With McCall's thoughts in mind, your argument certainly ignores an alternative understanding of the recent court decision. Looking back to the 1970s, it can be rightfully said that several white men socially constructed an interpretation of the law. Given this experiment in social construction our current justices judged that abortion laws are out of their constitutional purview. They decided that the previous decision of Roe can be better adjudicated within a different context (i.e. the legislature.)

These statements come without any misogynist or religious undertones. The court made the judgement that this moral issue should be made by elected representatives and not by the court. You’ve made your opinions clear and seem to demand that the justices’ duty is to make the moral judgment and to impose that judgement onto the country. But such a conclusion concerning Roe can be seen as a complete and utter faith-based assertion.

Certainly the law comes with many moral judgements. However, to have our representatives decide how this life and death matter should be legislated is in fact the most democratic thing we can do.

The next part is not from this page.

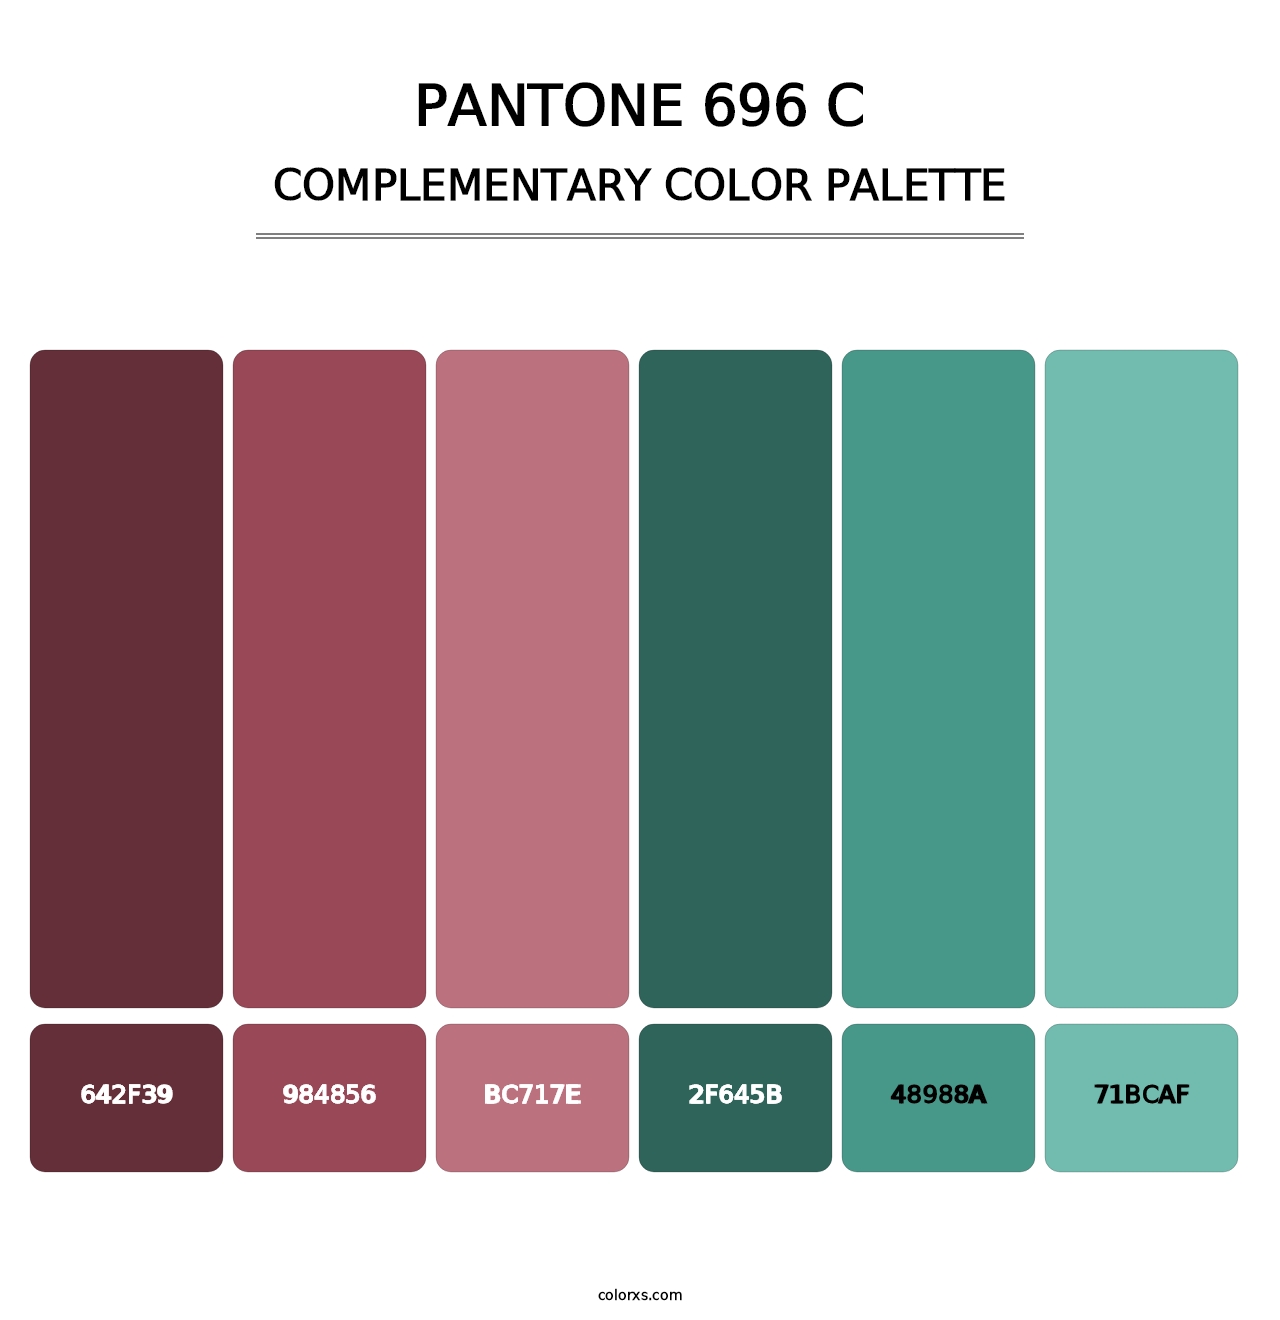 PANTONE 696 C - Complementary Color Palette

Had this approach been taken some 50 years ago we would've avoided all this moral imposition and subsequent polemical partisan divides.

Until both sides realize that the right to an abortion is a social construct, we will undoubtedly be subject to the use of “fear and paranoia as tools of manipulation." But perhaps by placing this issue into the hands that it originally should have been placed, the states referenda might usher in the most democratic solution to this very contentious problem.